Duerr demolished an adjoining polished-granite block fronting onto Harlow Street, revealing the Chateau’s original eight top ballroom windows long hidden from view. He renamed the landmark Norumbega Hall after an earlier public landmark lost in the Great Fire of 1911. The building is now owned by the Couri Foundation.

The Bowlodrome’s address in the Morse building, completed four years after the 1911 disaster leveled half of downtown, was originally listed as Post Office Mall, the pedestrian parkway stretching between Central and State streets where the old city post office building sat until being claimed by the inferno.

People now have returned to the Chateau Ballroom, with memories of dancing upstairs and roller skating downstairs.

A Bangor Daily News advertisement, dated April 4, 1917, announced the sporting palace’s grand opening. The “leading amusement place in town” boasted nine bowling alleys, some reserved for women and parties, and a billiard parlor filled with mahogany furniture. Every fall, an indoor skating rink was opened.

“This rink will be, as in the past, conducted in a clean manner and only those who obey the rules will be catered to,” reported the newspaper on the rink’s 1921 debut.

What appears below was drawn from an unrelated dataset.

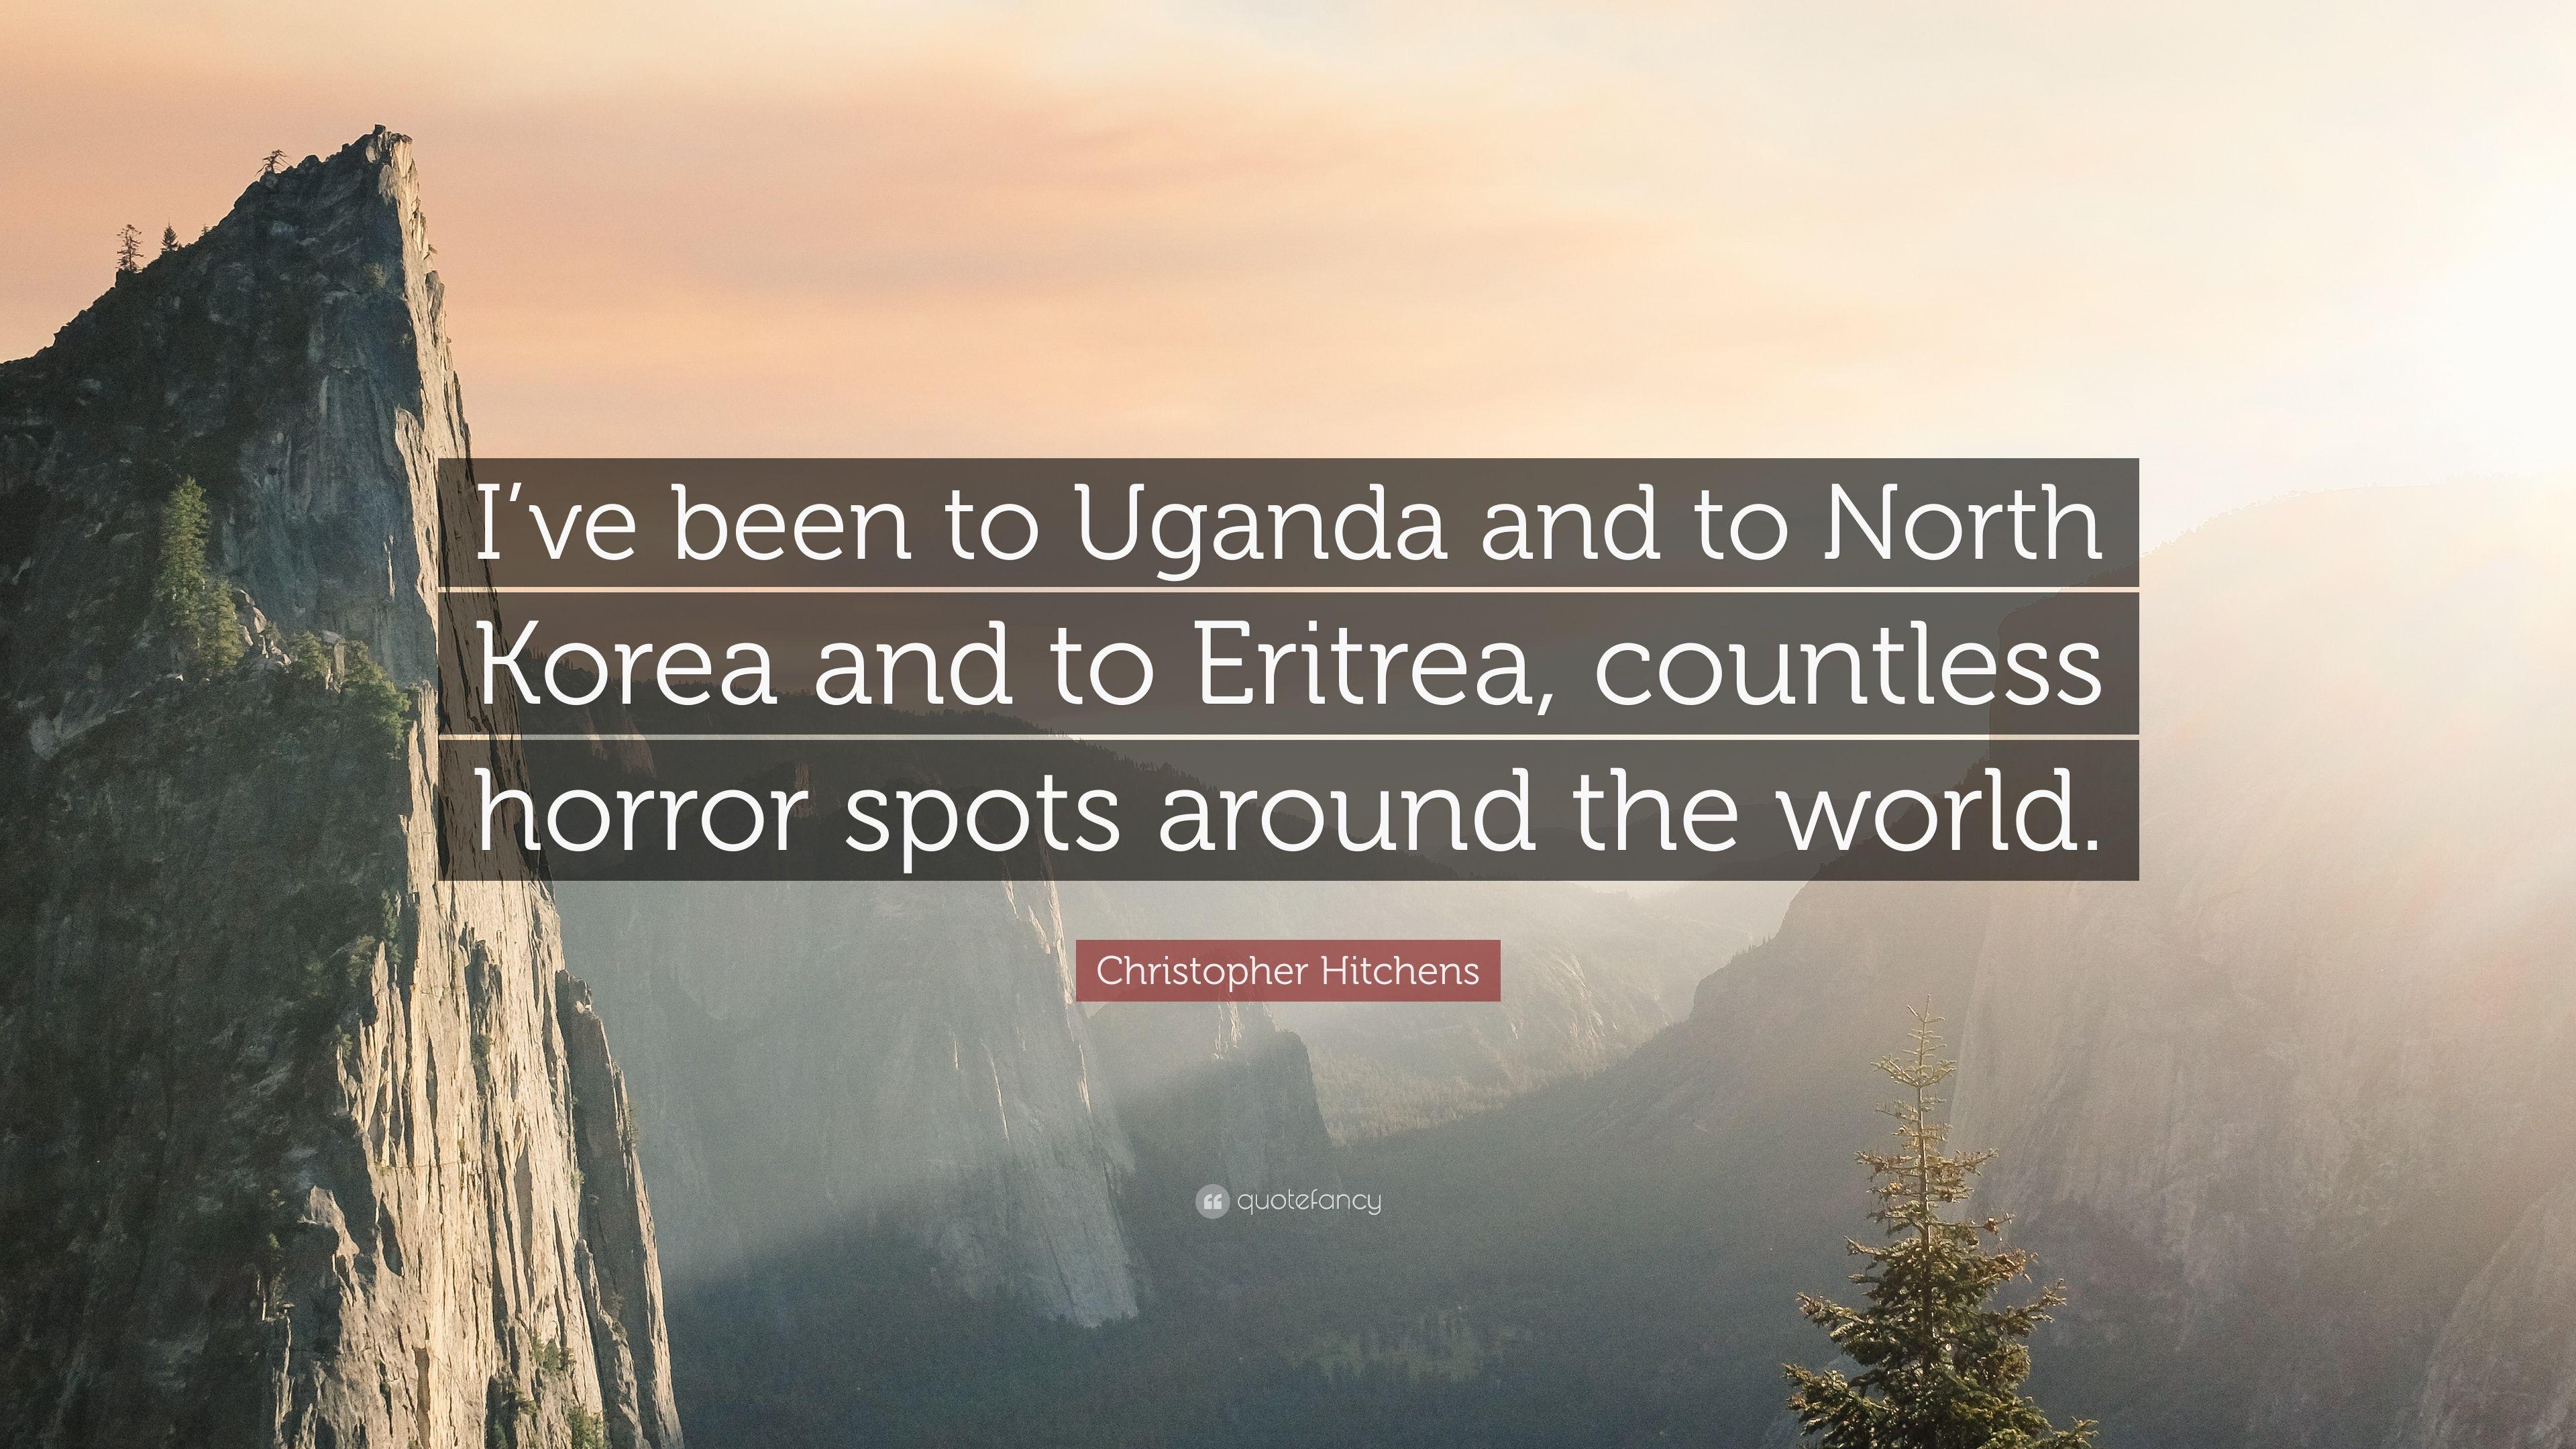 Christopher Hitchens Quote: “I've been to Uganda and to North Korea
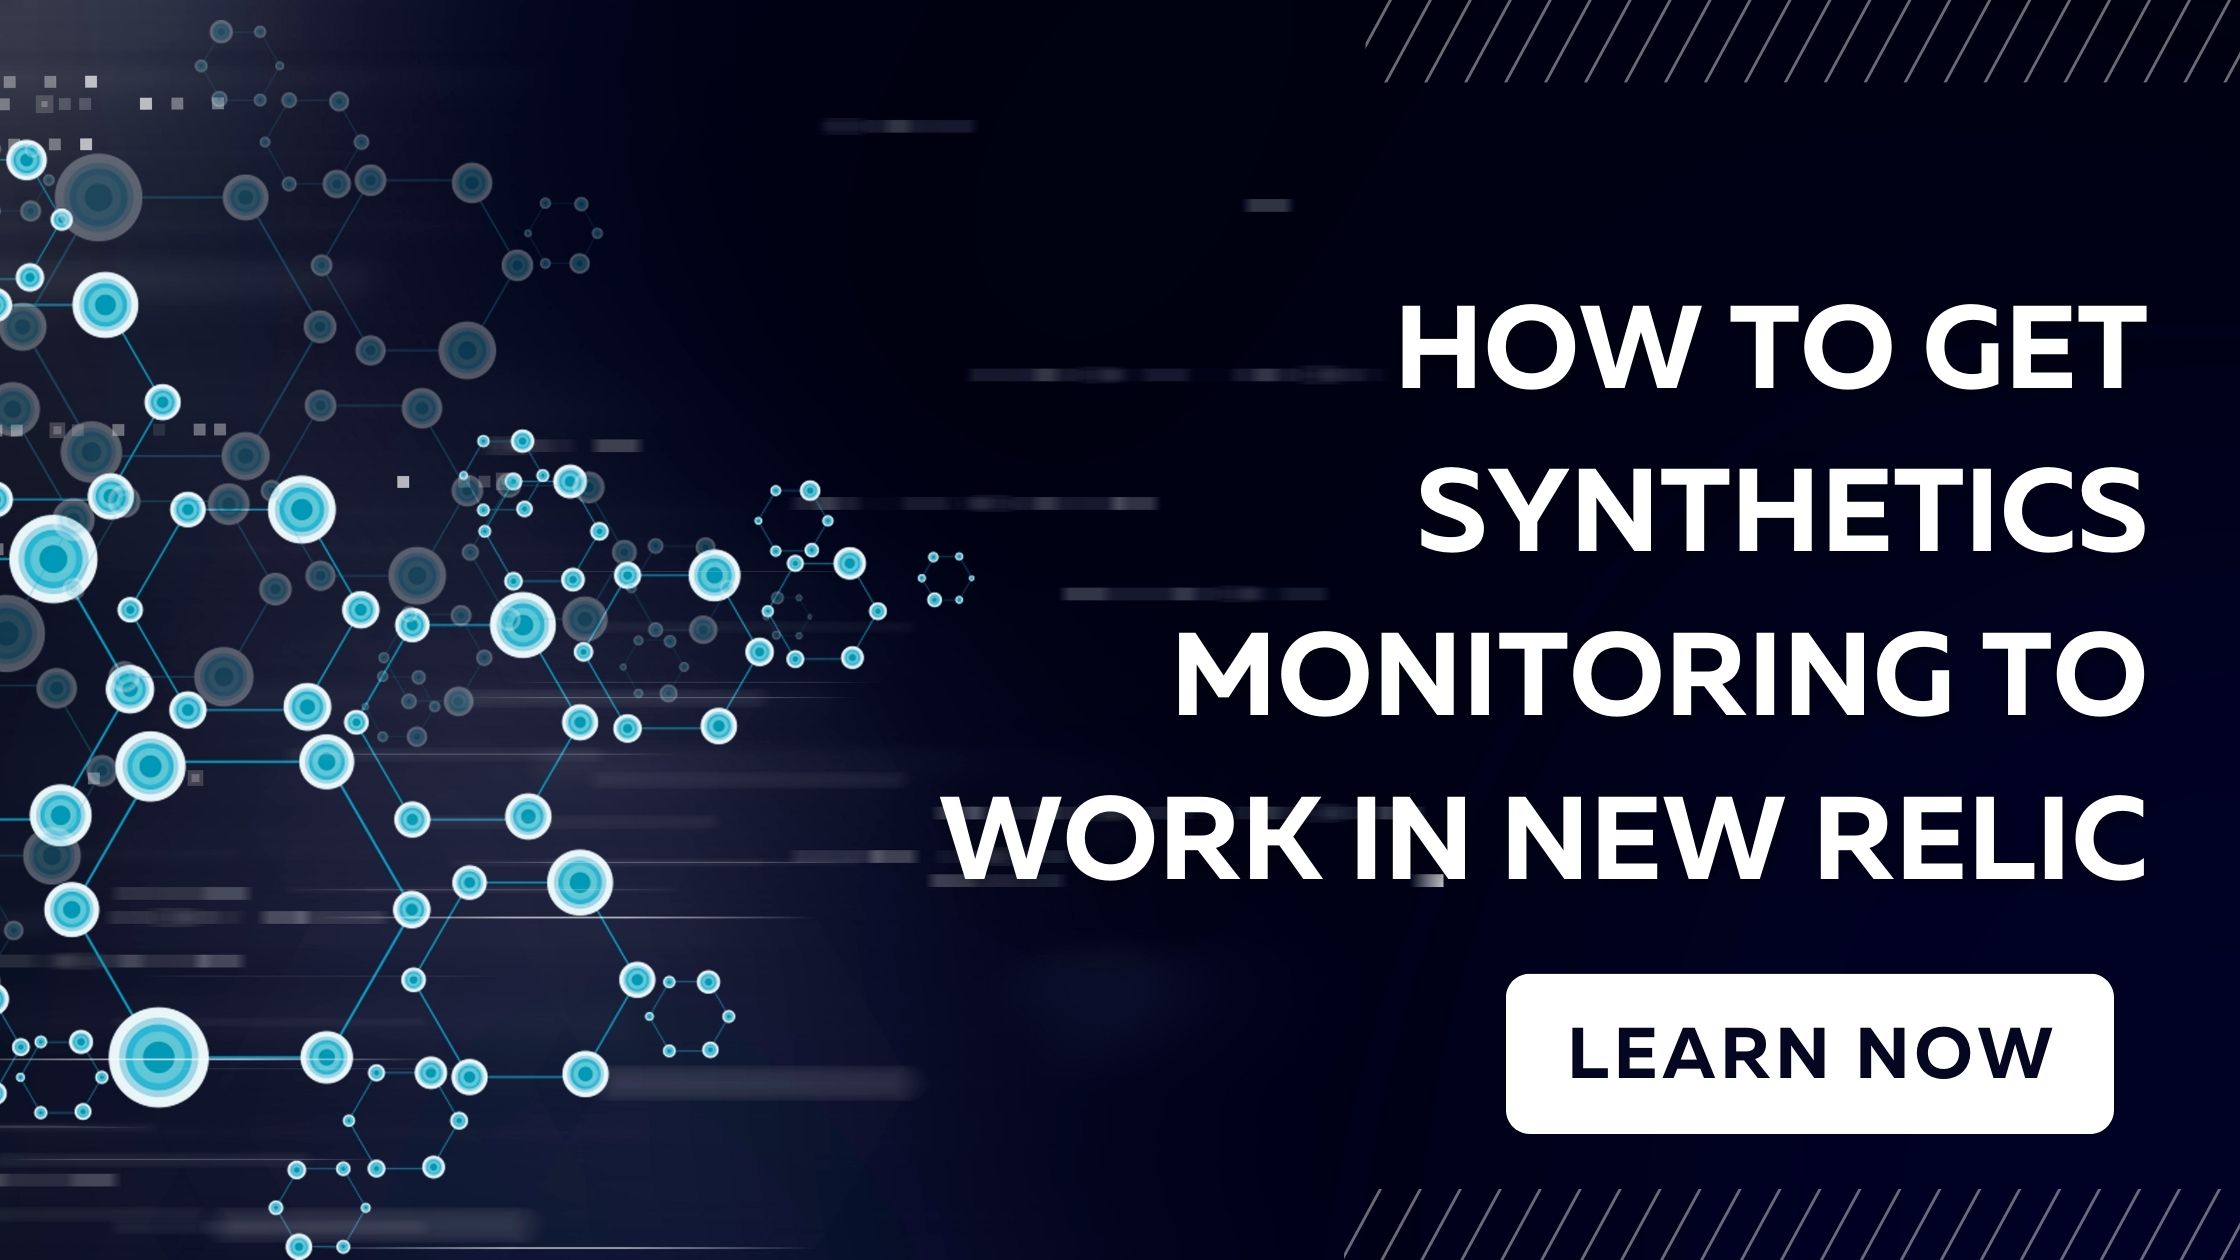 How to get Synthetic Monitoring to work in New Relic?

William and Forrest Fleming managed the Bowlodrome and the Sportsman’s Athletic Club for about 25 years, booking big-name fighters alongside no-name Joe Palookas. Some sparred upstairs in the spacious ballroom, but the bloodiest battles raged in the Bowlodrome.

At least one match, between University of Maine student Edward Francis Prout of Hampden, whose ring name was “Knockout Jim Ryan,” and George Langley of Waterville, ended tragically in 1921 when Prout was hurled through the ring and to his death. A heartbroken Bill Fleming, renowned for running clean fights, swore he would never promote another match unless it was a benefit bout for Prout.

The Flemings occasionally rented out the Bowlodrome to political rallies. In 1920, Franklin D. Roosevelt, the Democratic vice-presidential candidate, was slated to speak, with women encouraged to attend since, for the first time, they had been granted the right to vote.

Roosevelt was replaced by fellow Democrat Bourke Cockran, who spoke at the Bowlodrome after FDR abandoned the Maine campaign trail to attend an uncle’s funeral. He lost the 1920 election, later winning four presidential terms, but never appeared publicly in Bangor. As long as Roosevelt was in office, the Chateau, along with dance halls throughout the nation, hosted a January birthday ball in the president’s honor.

Many years later, during his 2000 presidential campaign, Ralph Nader brought national politics back to the building, speaking in the Chateau Ballroom at the Maine Green Independent Party’s first state convention. More than 450 attended.

Norumbega Hall, now filled again with Chateau Ballroom activities, the Hammond Street Senior Center Fitness Facility on the middle floor, and the University of Maine Museum of Art beneath that facility, is bursting with activity – not, this time around, with rattling bowling pins and sweet orchestral music, but with the clear vision of people who have rejuvenated a long-forgotten urban landmark.